> [Your assignment]:
Copy the records below exactly, starting at the line that contains "Temporary rope lanes" and ending at the line that contains "Antique-styled stone vase"; leave out any pictures.

> [Supplied material]:
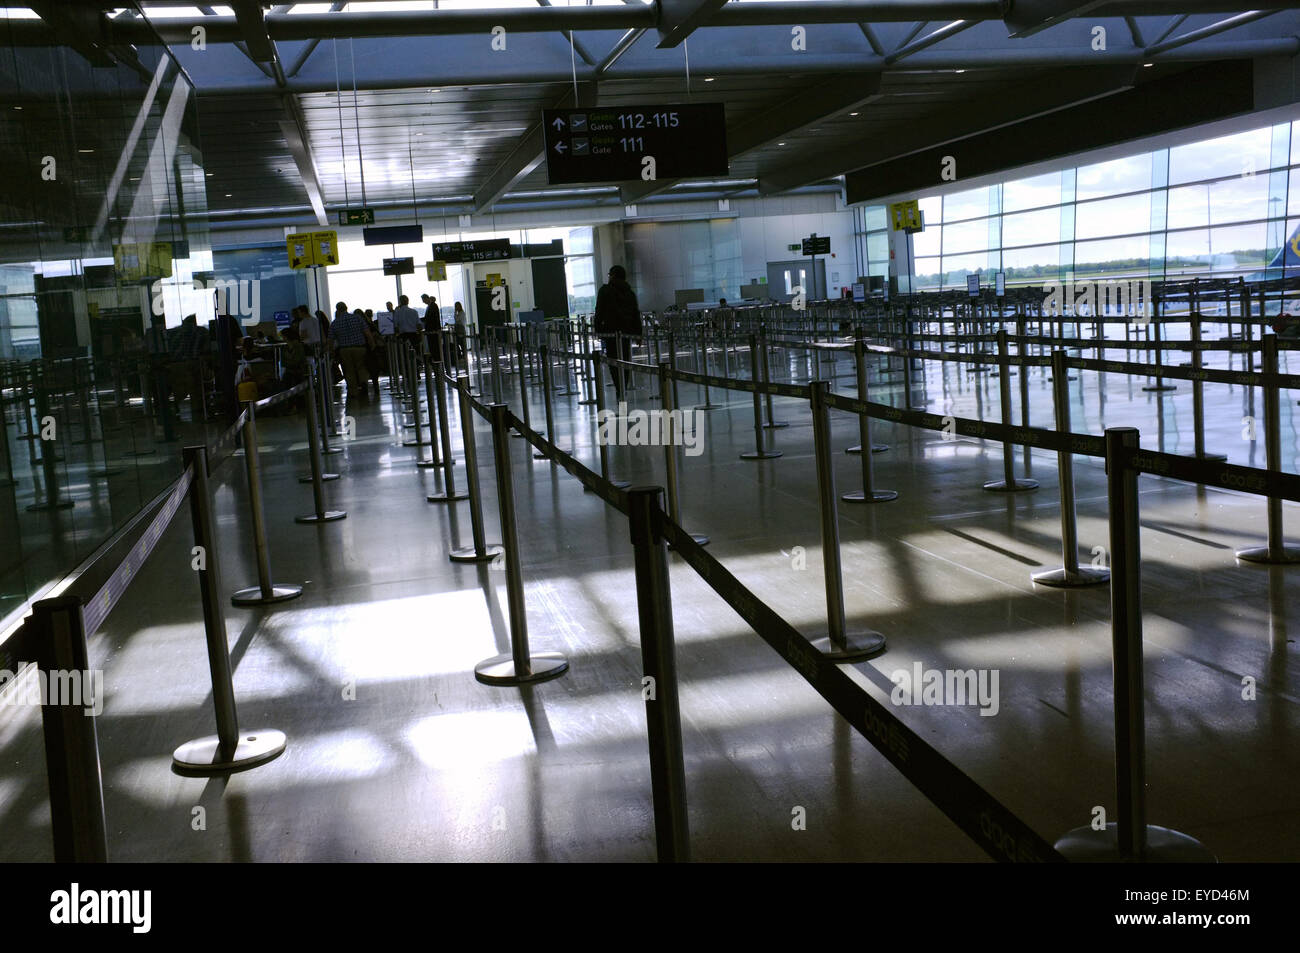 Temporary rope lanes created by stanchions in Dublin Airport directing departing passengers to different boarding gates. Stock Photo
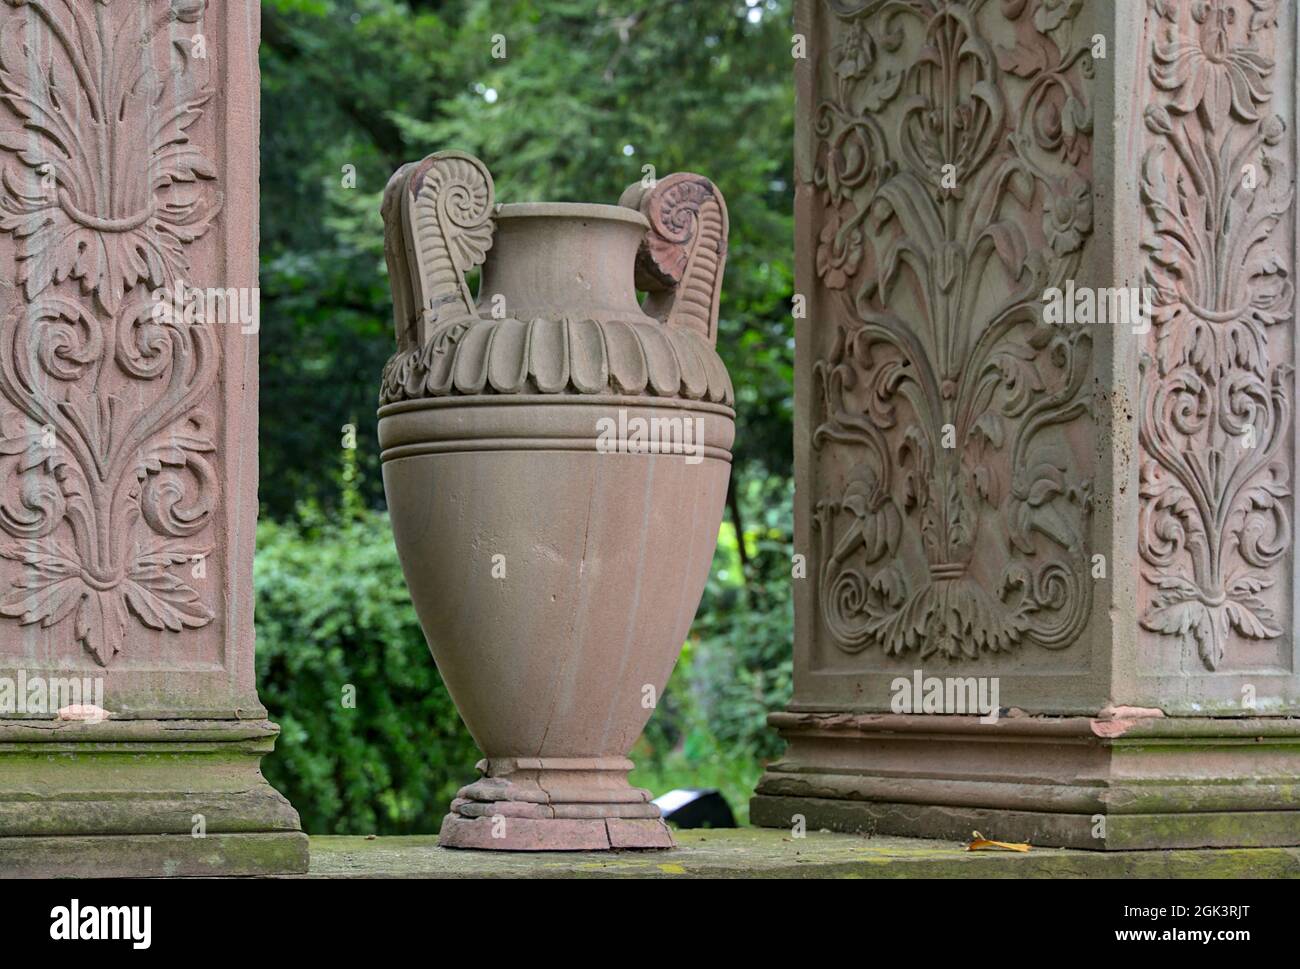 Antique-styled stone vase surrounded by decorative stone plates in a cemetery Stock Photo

* * *

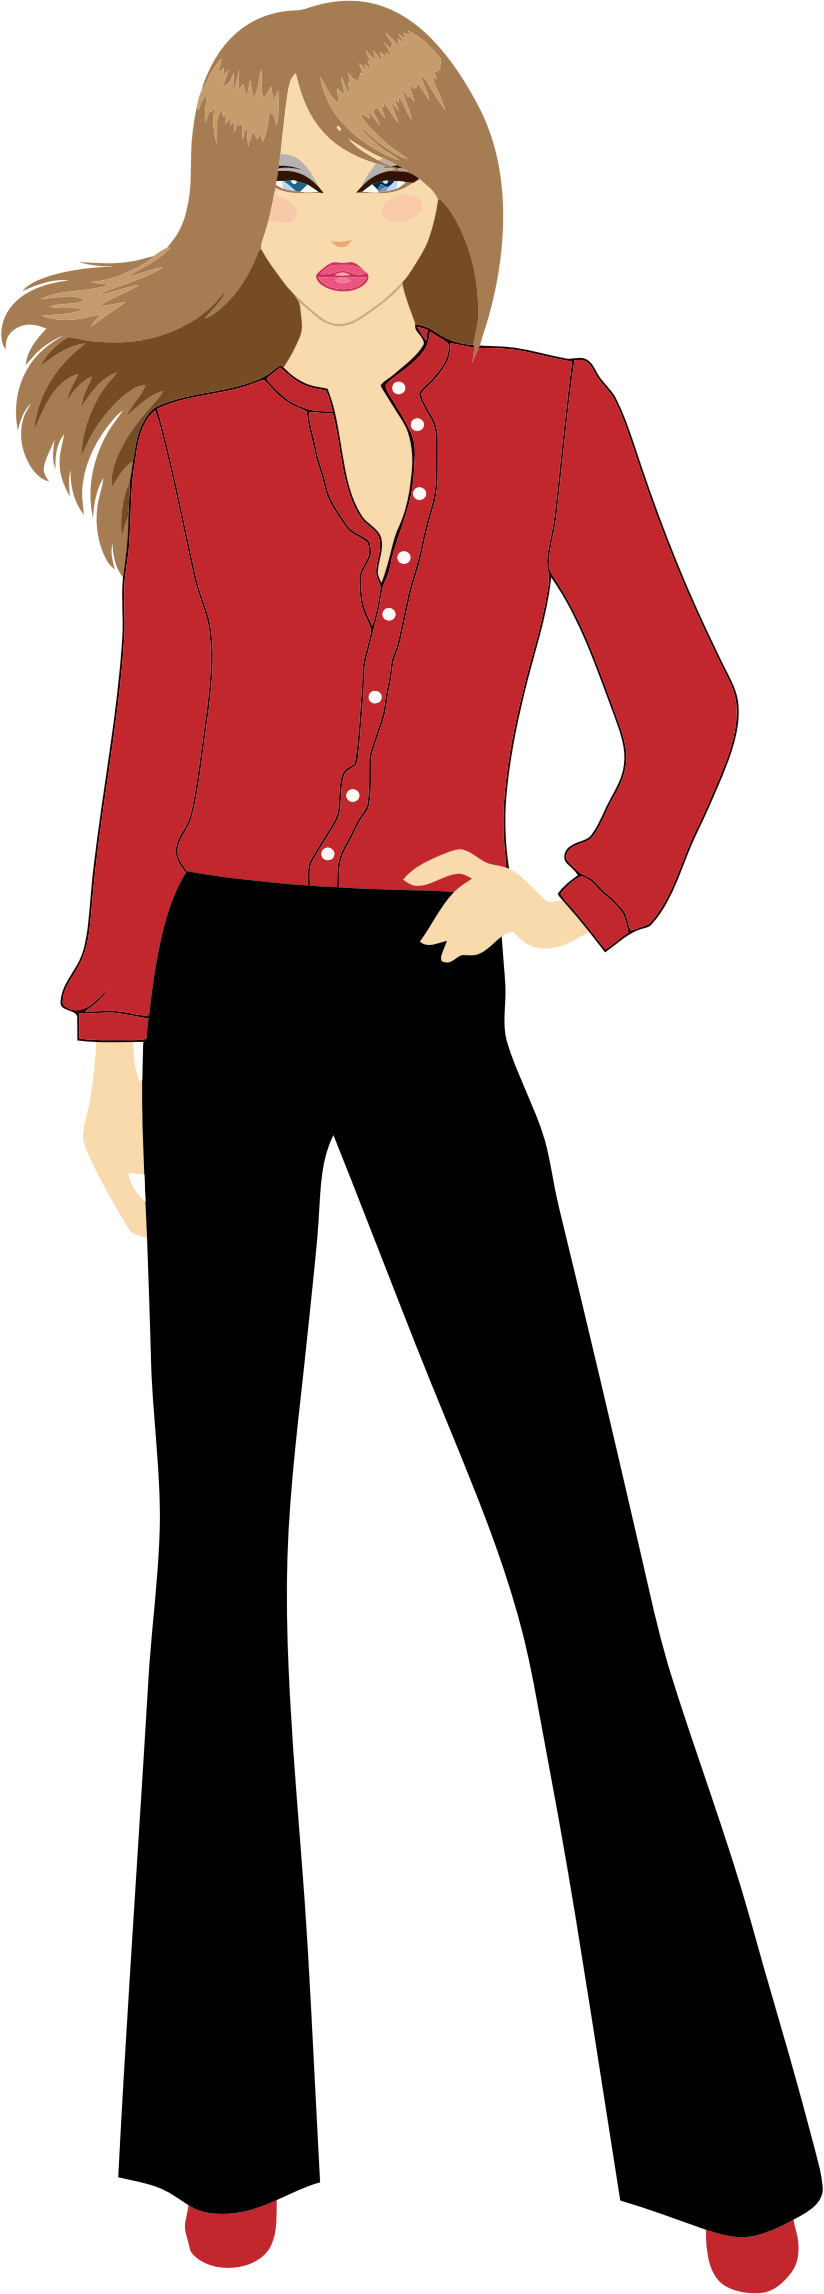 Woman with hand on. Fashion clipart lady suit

==

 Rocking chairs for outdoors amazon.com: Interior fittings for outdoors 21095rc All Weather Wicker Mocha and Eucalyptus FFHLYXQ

> [Result for this exercise]:
 Temporary rope lanes created by stanchions in Dublin Airport directing departing passengers to different boarding gates. Stock Photo
 Antique-styled stone vase surrounded by decorative stone plates in a cemetery Stock Photo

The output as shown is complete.